As shown in FIG. 7, the home appliance identification apparatus 100 separates a given influence graph into a subgraph of degree = 1. The separated subgraph consists of one sensor corresponding to the appliance state. Then, the home appliance identification apparatus 100 inputs the influence values corresponding to the K states in the i-th row and the j-th column corresponding to the index of the home appliance and the sensor corresponding to the subgraph in the form of a vector. Here, i denotes the i-th home appliance, j denotes the j-th sensor, and K denotes the total number of types of household appliances. Enter 0 for the element of the index where the subgraph does not exist. The home appliance identification apparatus 100 generates an influence degree matrix E upon completion of generation of an influence degree graph generated from all home appliances. The home appliance identification apparatus 100 uses the influence matrix E indicating the degree of the measurement value of each sensor to the state prediction of each home appliance according to each state of each sensor for each home appliance, The information A (t) is calculated. This process can be expressed in concrete terms as follows.

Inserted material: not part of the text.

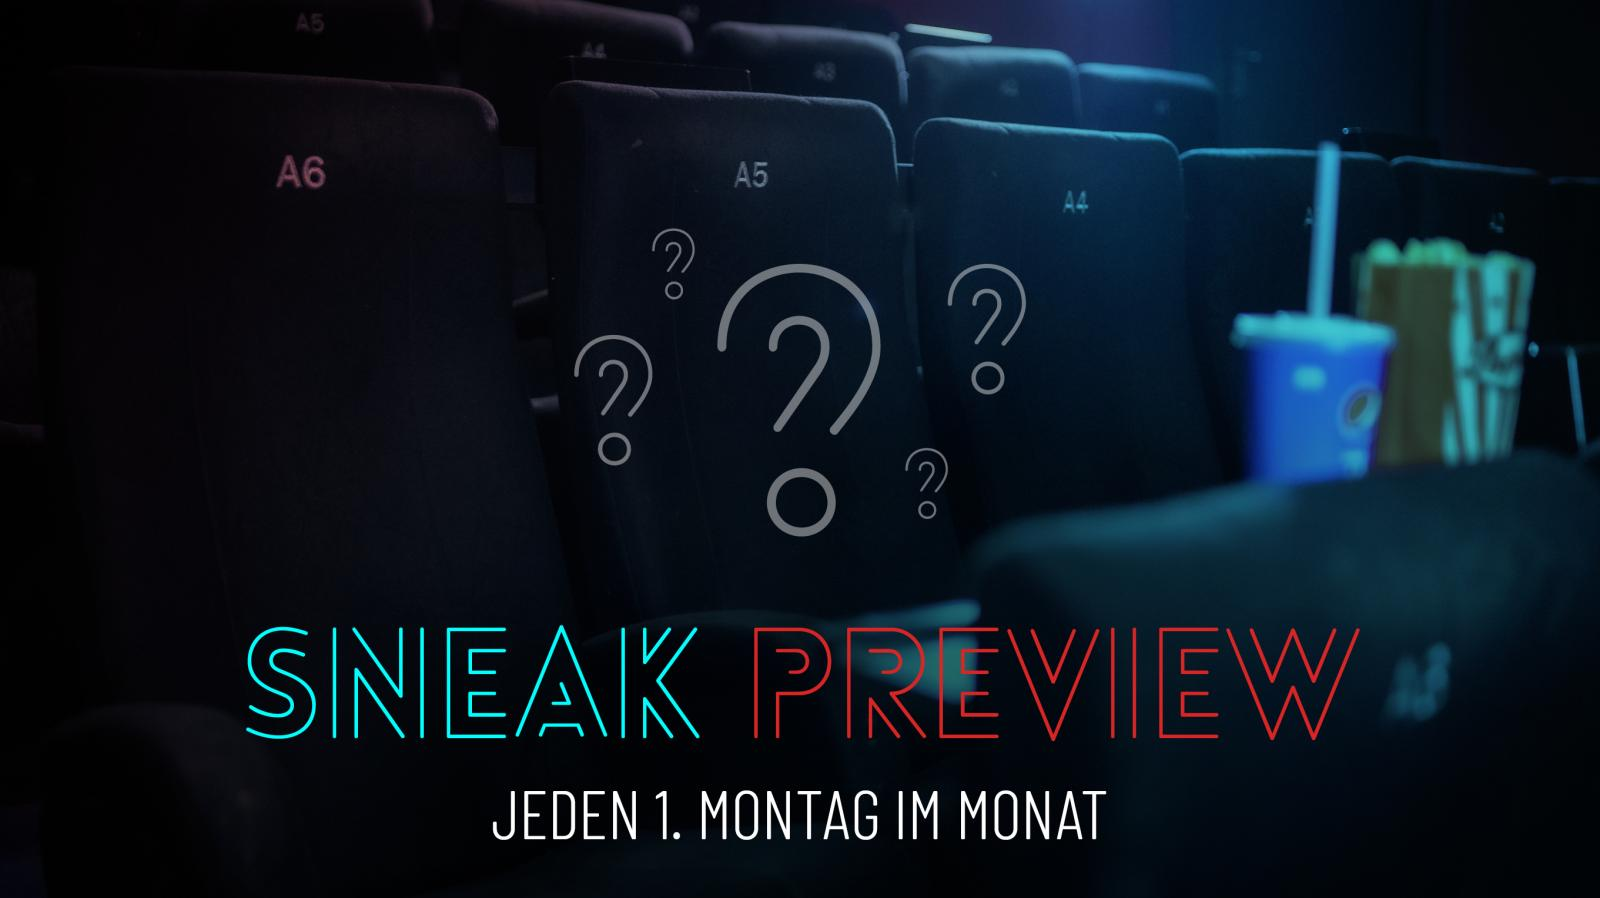 Sneak Preview - Jeden 1. Montag im Monat
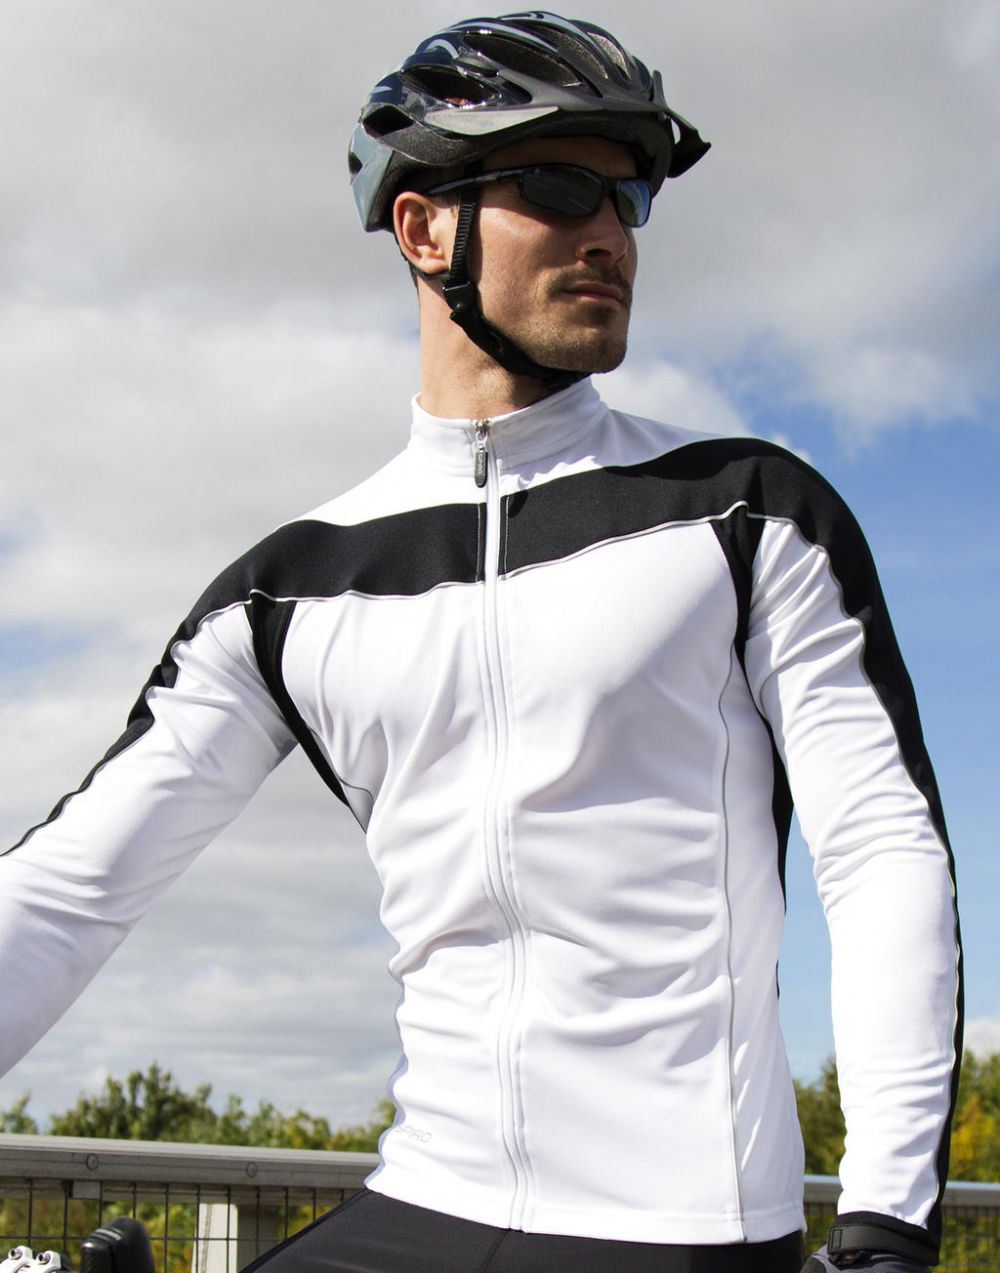 Equipaciones deportivas result top ciclismo manga larga hombre vista 3

The sensor data base state information A (t) can be expressed by Equation (1) and Equation (2) using the influence degree matrix E generated by the influence degree graph and the sensor data x of the measured equation (4) . Equation (3) represents the value of each element of the influence matrix E. Here, the total number of state types of household appliances is K, m is the number of household appliances, and n is the number of sensors. And, the influence degree matrix E is a matrix of m 占 n, and each element is a vector including K influence degree values.

가 된다. Specifically, the sensor data values measured at each composite sensor 20 at time t are stored in the x (t) vector of Equation (4). Therefore, when the set of all the sensor modules included in each composite sensor 20 is S _i , the vector of the measured sensor data is

.

In addition, the home electric apparatus identifying apparatus 100 uses only the measured values that exceed the specific threshold among the measured values sensed by the plurality of sensor modules installed in the space including at least one home appliance as effective sensor data. Specifically, the home appliance identification apparatus 100 determines whether the value measured by the sensor module exceeds a threshold for influencing the state of the home appliance, ) Can be defined and used. Applying the activation function to the sensor data corresponds to Equation (5), and y in Equation (5) represents the result of applying the activation function f to the sensor data.

In addition, since the sensor values measured in the respective sensor modules include the characteristics (temperature: ° C, sound: dB) of the different sensor modules, the home appliance identification apparatus 100 performs the process of normalizing the values , Which is included in Equation (5).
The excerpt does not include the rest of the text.